Oh, and the end is gross.
Way, way, way back in the day when I was about 8 (before
Sidebar: We were having watermelon. I think this story is the cause of my distaste for watermelon to this day.
We were, err, I was being silly, as an 8 year old child typically is. What made this day special was that my dad was being silly too. You just have to understand that he wasn't a silly guy. My mom had already gotten up from the table, and in a rare moment of solidarity, my brother, father and I refused to allow her to turn the channel. Why? Because midget wrestling was on, of course.
I'm not sure that you understand how funny midget wrestling is to an 8 year old, so I'll tell you.
We laughed. We laughed hard. My mother warned me to stop. I couldn't. It was midgets wrestling for pete's sake. My dad was egging us on. My mom said I was going to get sick. I didn't care. It was hilarious and my dad was on our side. Side-splitting laughter kept occurring. I'm pretty sure one wrestler went up to the top rope. Do you know how high that is? That was it. By far the funniest thing an 8 year old has seen. Another warning came from my mother. I should have listened.
The next minute is burned in my mind forever. I was laughing hysterically as I shoved watermelon down my throat and the inevitable happened. My stomach decided that I should either laugh or eat, but not both.
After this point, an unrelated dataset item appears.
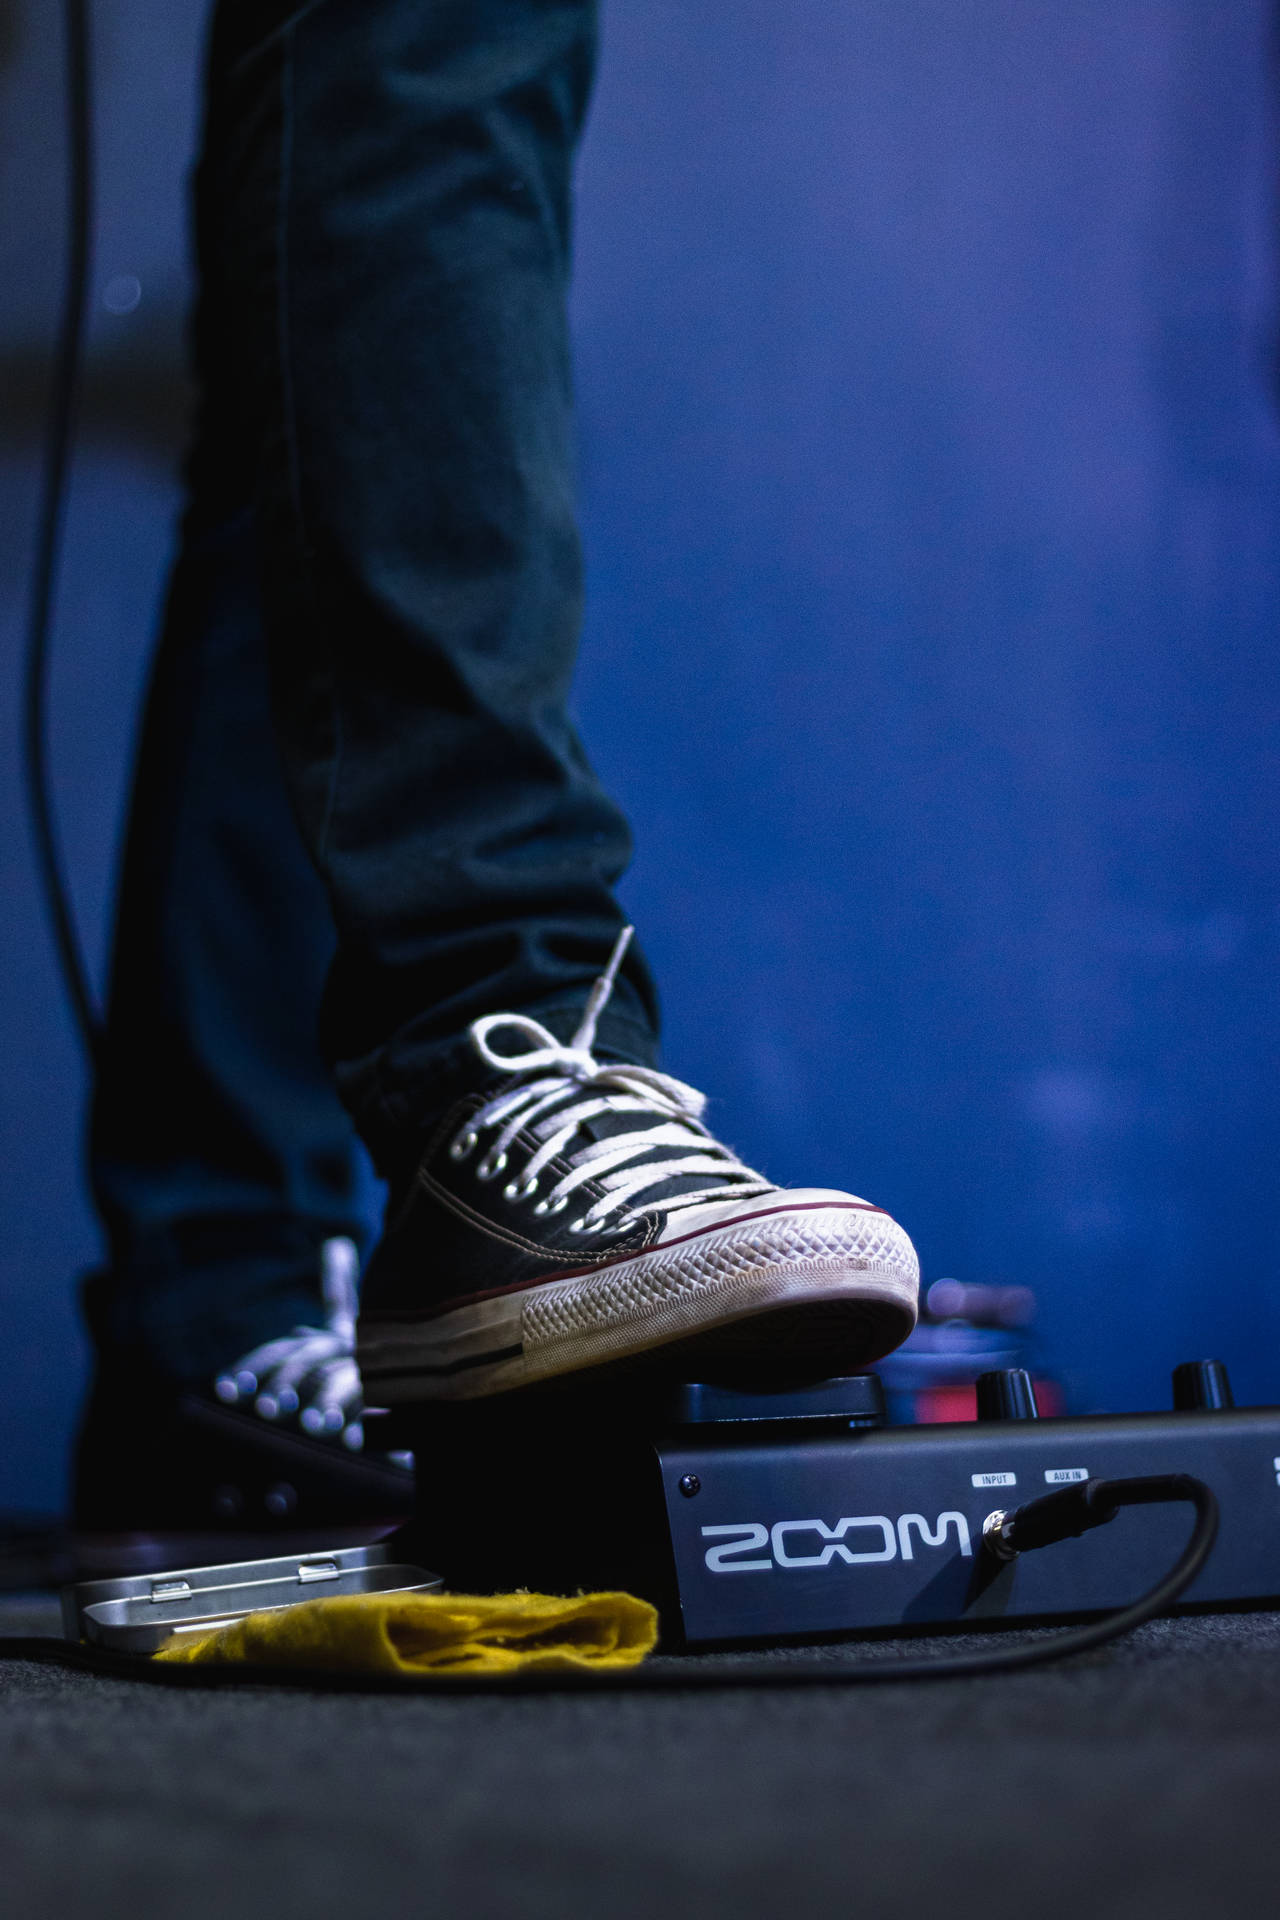 Converse Sneakers On Amplifier Background
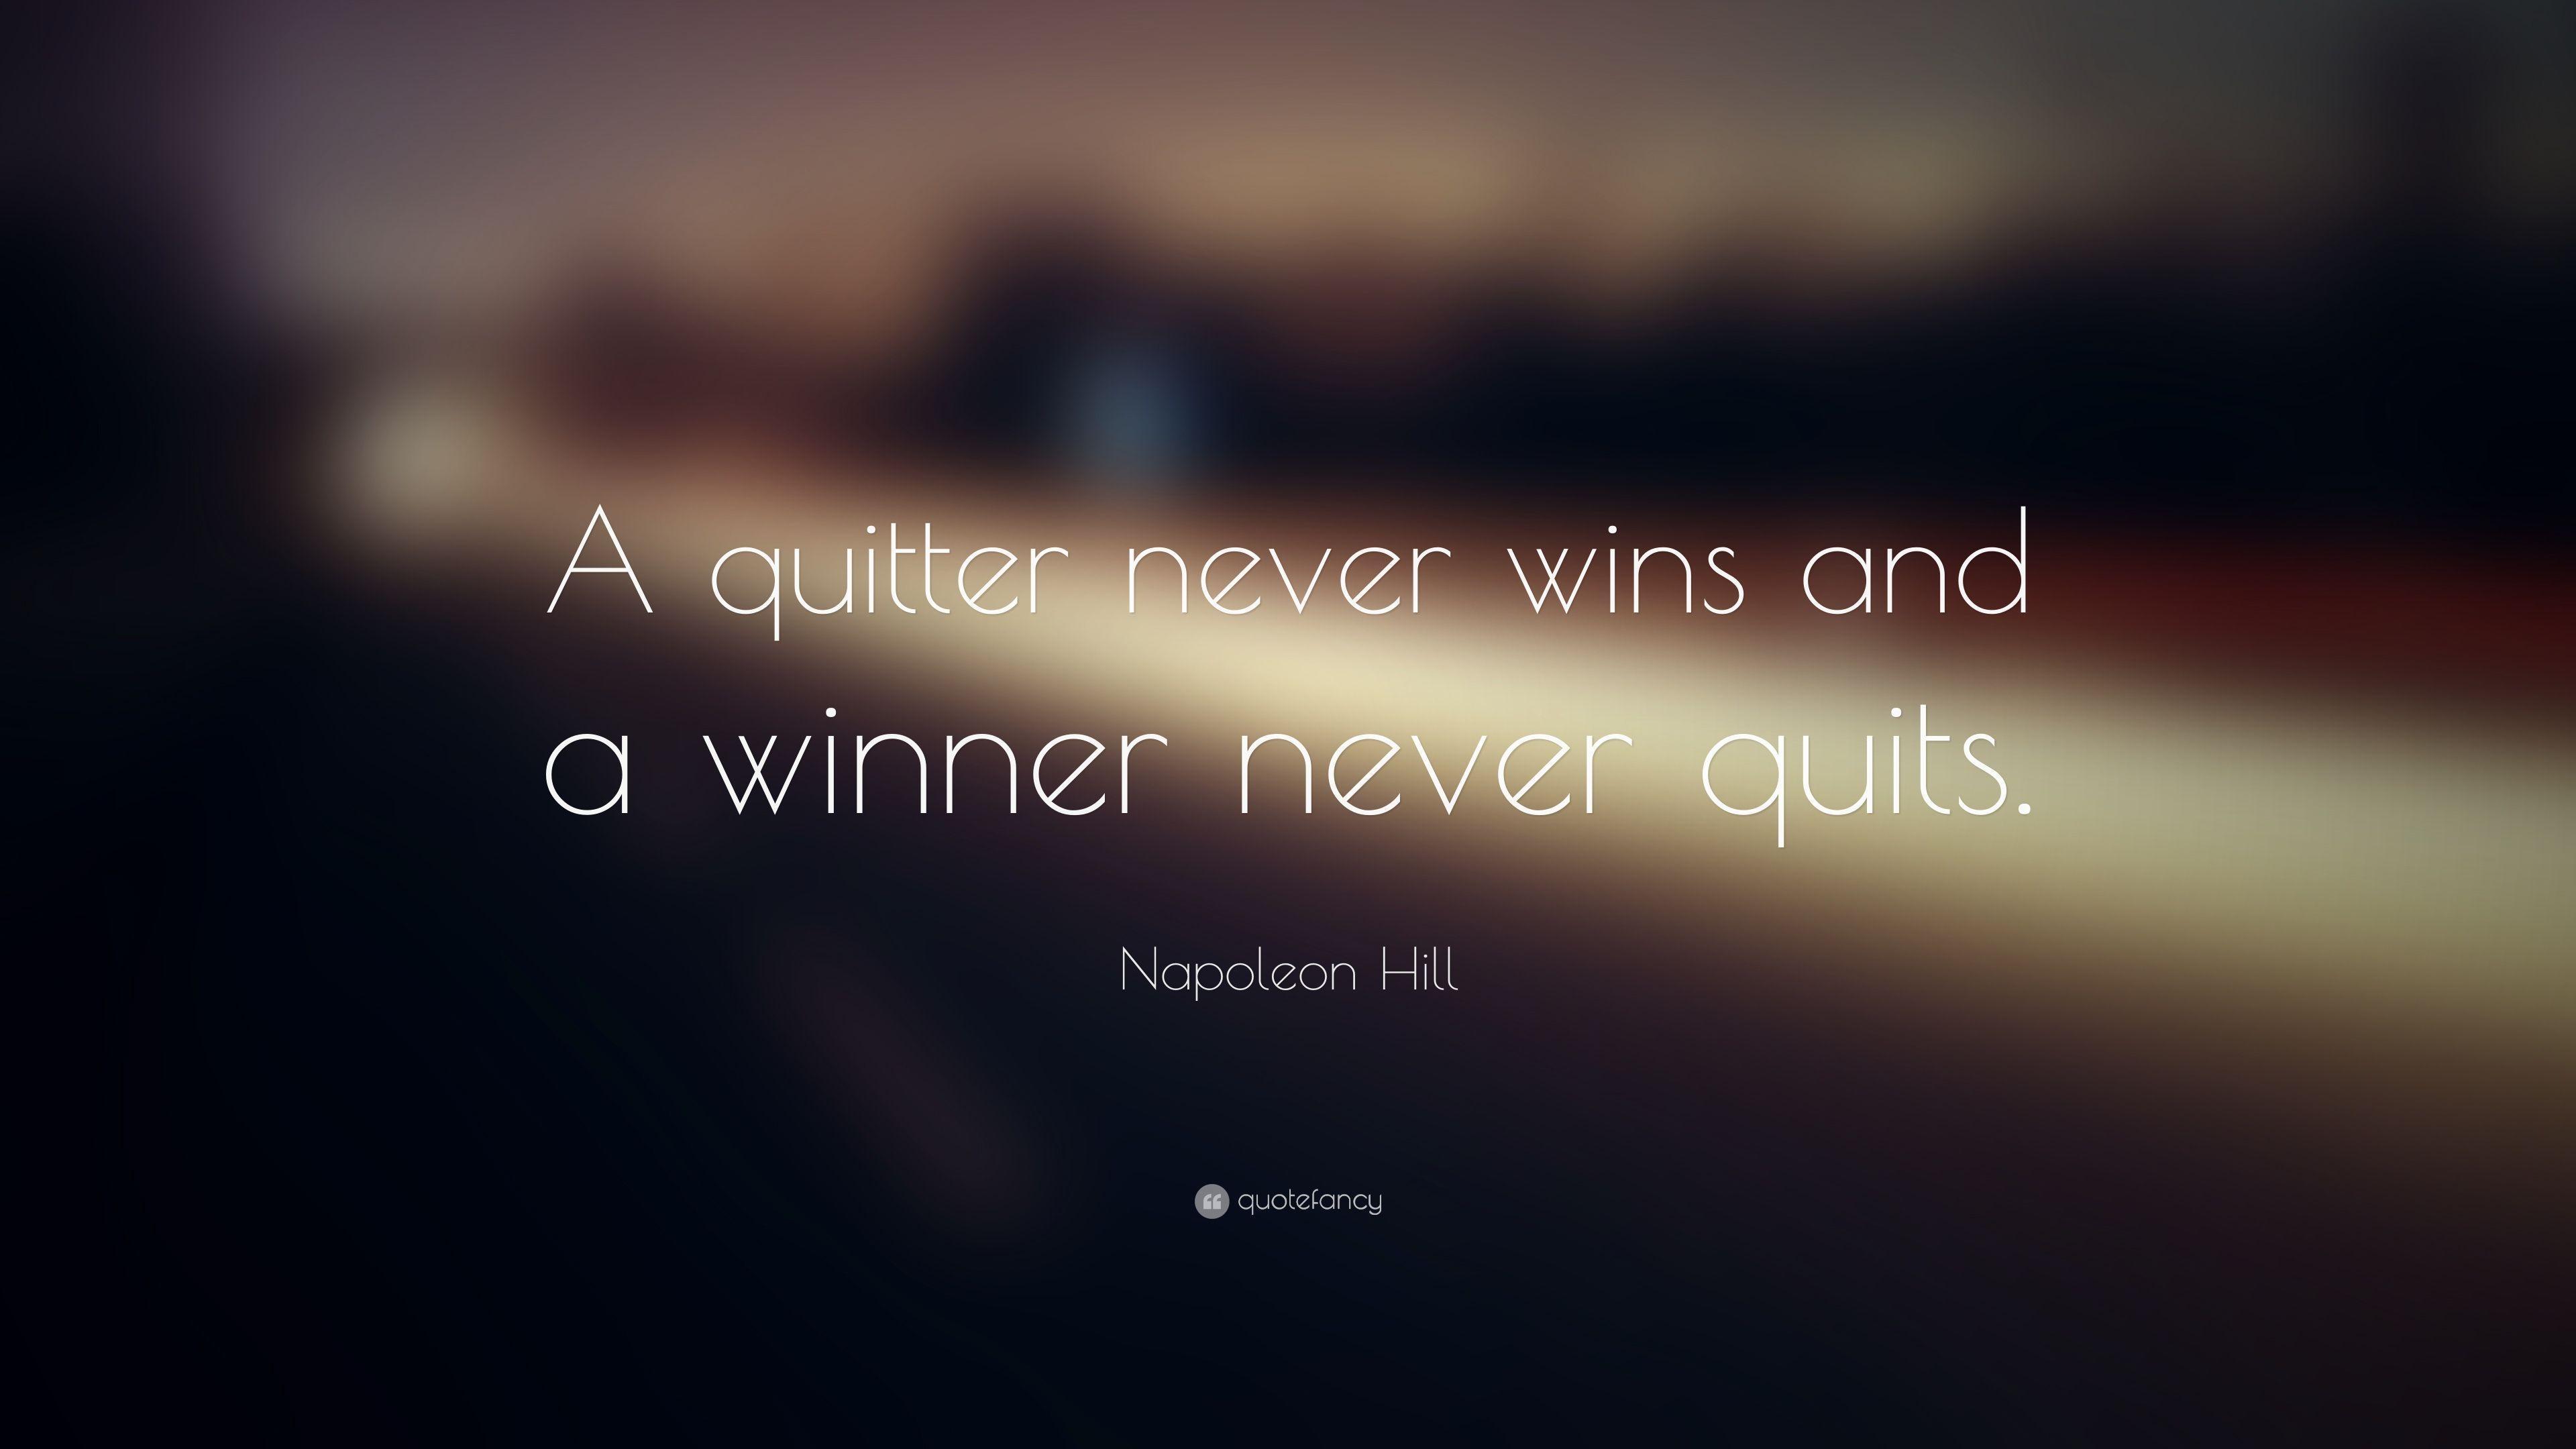 Napoleon Hill Quote: “A quitter never wins and a winner never

My brain was laughing too loud to hear my stomach, just as I was laughing too loud to hear my mom. I would say that there was no warning, but I'm sure there was for my gut erupted and the watermelon returned to the table. I can't remember what I had for lunch yesterday but I remember that I had a paper plate sitting in a wicker plate holder.
After the initial shock that I had thrown up, to the disgust of my mother, we kept laughing. That was a great day in Burkes history.